Essential Tax Tips for Money Generating Hobbies

Essential Tax Tips for Money Generating Hobbies

Many people have hobbies like playing the piano or bead making simply for fun and do not expect any special monetary compensation from it.   Some hobbies might require a couple of out-of-pocket costs.  The bright side is that you can deduct some portion of your hobby expense on your return. However, to qualify for tax benefits for running a business, Uncle Sam requires you to show some proof.

You will need to determine if your hobby is simply a pursuit of recreation or a money-making venture. It is a realistic goal to earn money doing what you love. One, however, needs to be straightforward about the intention when it comes to claiming exemptions on taxes. 

According to the IRS, the following is a definition of a hobby:

  • An activity you engage in because you love it, not for the profit

  • You expect no profit from the activity.

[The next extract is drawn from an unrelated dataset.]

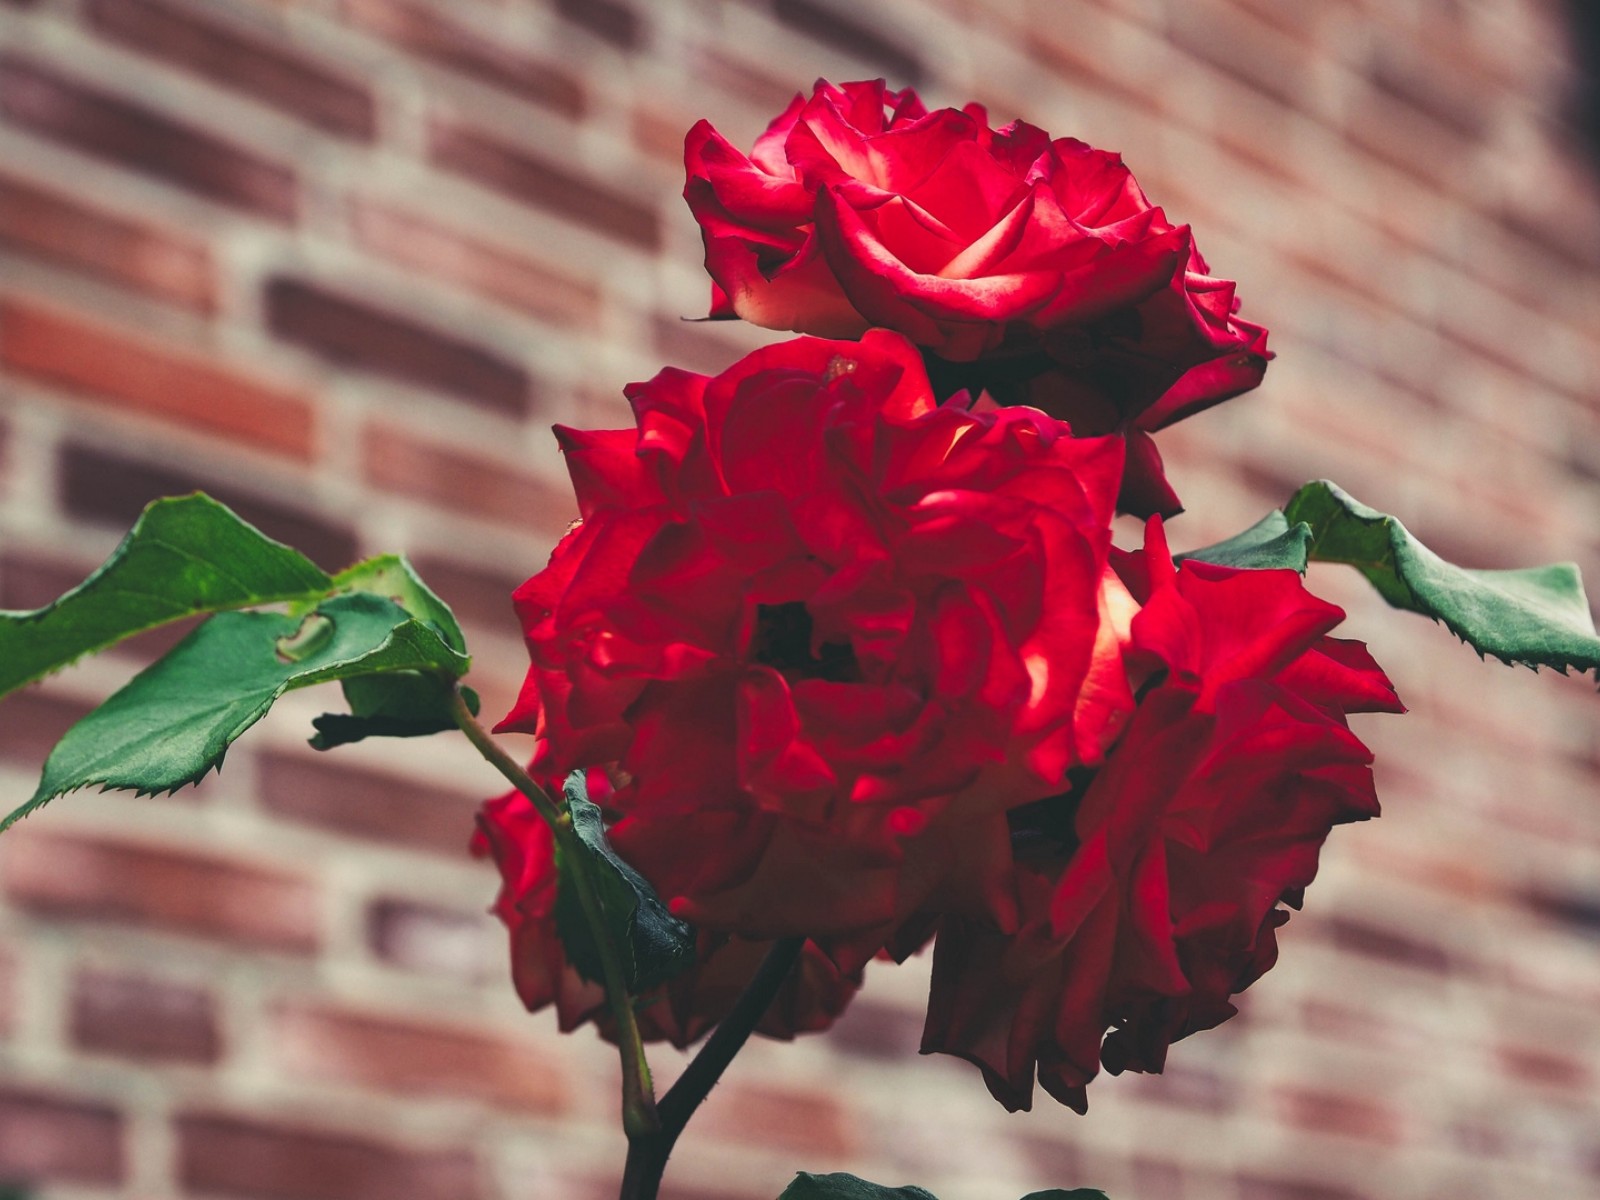 Red Roses Blurry - HD Wallpaper 
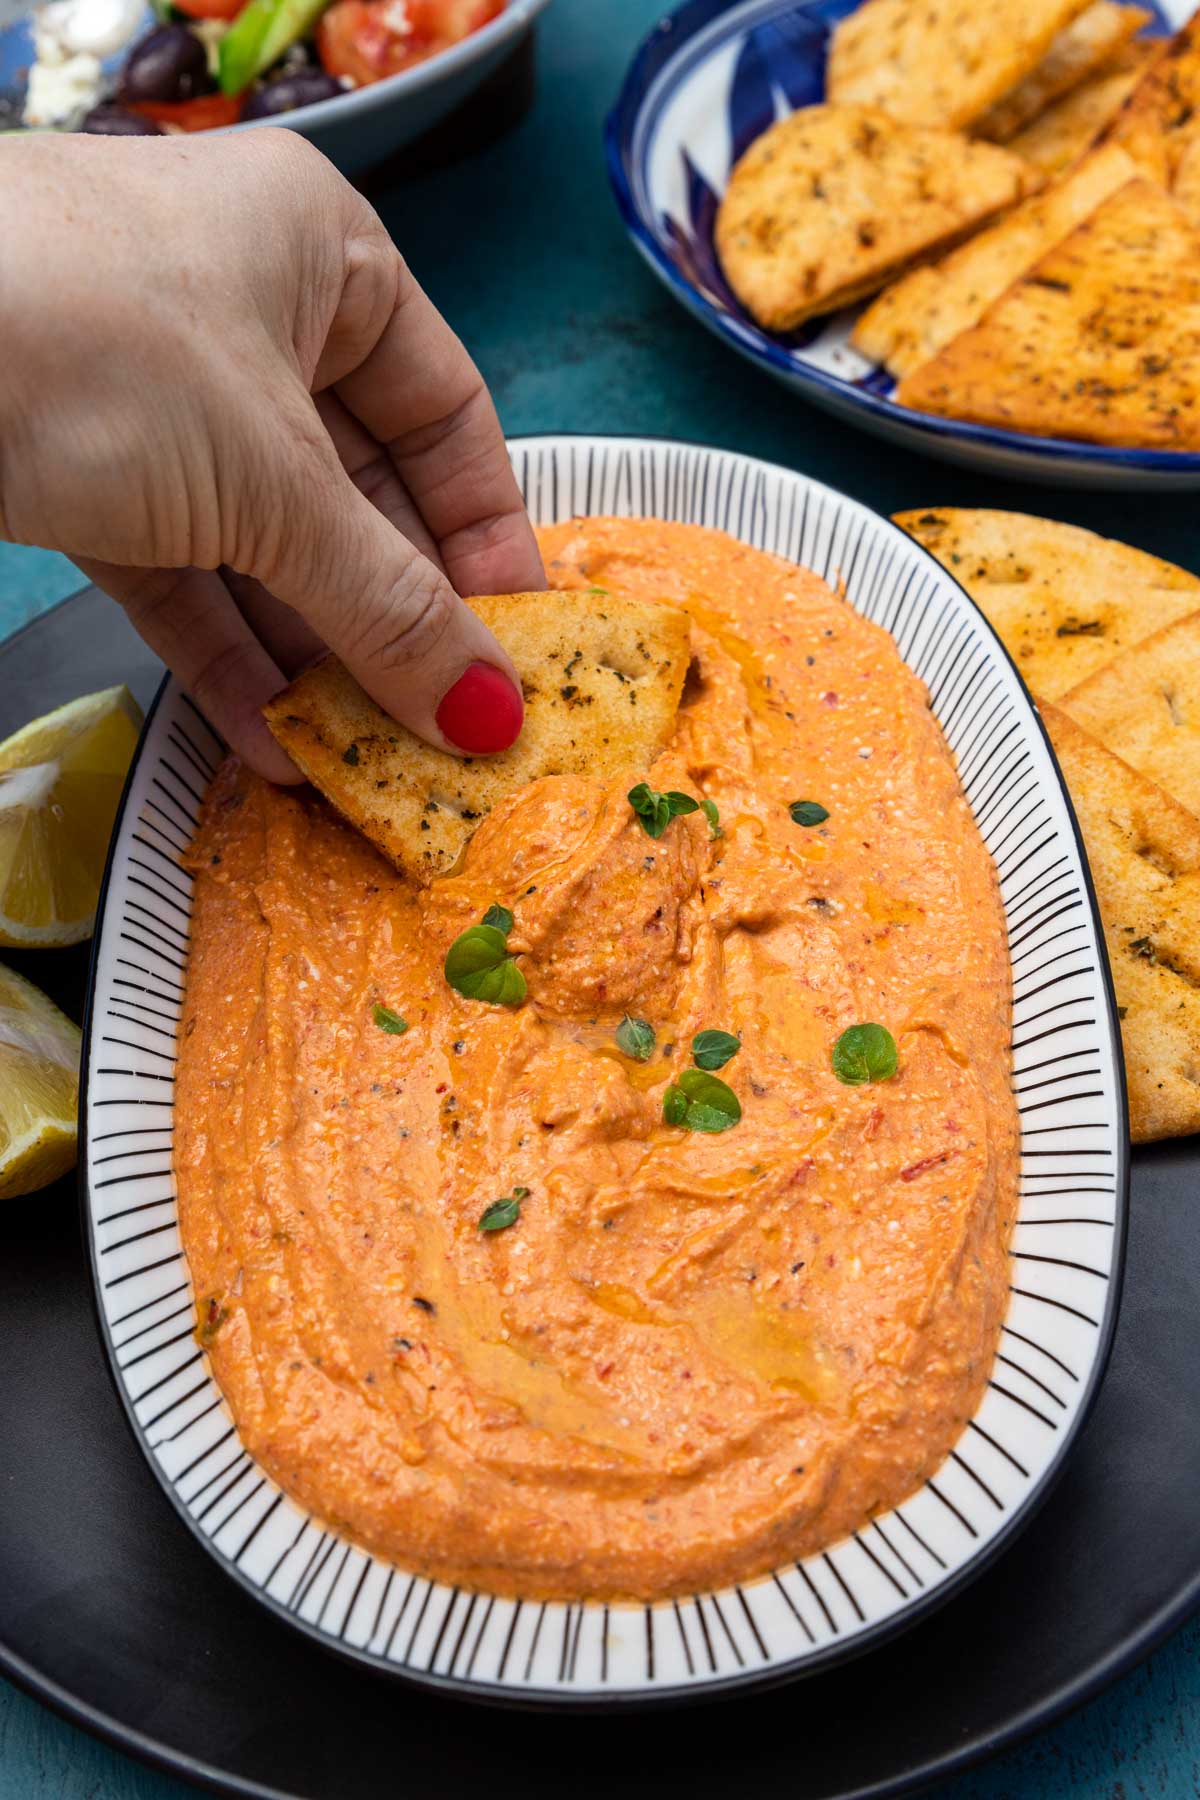 Someone scooping up spicy feta dip with a homemade pita chip from an oval shaped dish with black and white rim on a black plate and blue background with more pita chips in the background.

This does not mean that earning money is taboo. For instance, you might be good with the keyboard, and a friend offered you some money to play on their birthday.

However, a hobby is considered a business if:

  • The hobby generates all or some of your income. For instance, you sell some crochet on an ecommerce store which accounts for over half of your annual income.

  • There are profits and losses from your hobby. For instance, you spent so much on insecticide for your backyard vegetable with the little sale, but people rushed the tomatoes you sold. 


Hobby Income and Expenses 

Starting from 2018, Uncle Sam has stopped taxpayers from deducting hobby expenses as income. All income from your hobby must be claimed, and the expenses cannot reduce it. 

For the tax years before 2018, one could deduct expenses as an itemized deduction subject to 2% of the AGI. In addition, the expense amount claimed cannot be more than the hobby income. This means that there cannot be a loss from the hobby. 

One can only deduct "necessary" and "ordinary expenses."

  • Ordinary expenses are the ones you need to facilitate the hobby like manure and insecticide for a gardener.

  • Necessary expenses are the ones that help you develop the skills required by the hobby, for instance, attending an online farming class.


Standard and itemized Deduction 

In filing the tax return, taxpayers can either go through the standard deduction approach or itemizing route. Deduction for hobby expenses is only possible via the itemizing course. 

For people going through the standard deduction approach:

  • Pick the corresponding standard deduction that corresponds to your case based on the IRS chart. This is a factor of your income and filing status like single, head of household, married, etc. 

  • Fill in the tax amount alongside other required information.


Hobby and Business: A Thin Line

You need detailed records if your hobby is tending towards a business than a leisure and recreational pursuit. As a business owner, you will need Schedule C to report your losses and income, alongside deduction of a series of expenses that hobbyists cannot enjoy. 

When the following conditions apply, Uncle Sam might consider your hobby as a business endeavor:

  • Some of the things you do for the hobby like hiring an expert and advert show you want to make profit.

  • The hobby is your source of livelihood.

  • For the past three years, at least, you have made a profit.

  • Over time, you are hoping that there will be profit from a couple of your business asset 

  • A similar hobby in the past has generated profit for you.

Since it is your responsibility to prove that your hobby business is eligible for some tax breaks, it is vital to have detailed records. They will also be essential should there be an IRS tax audit.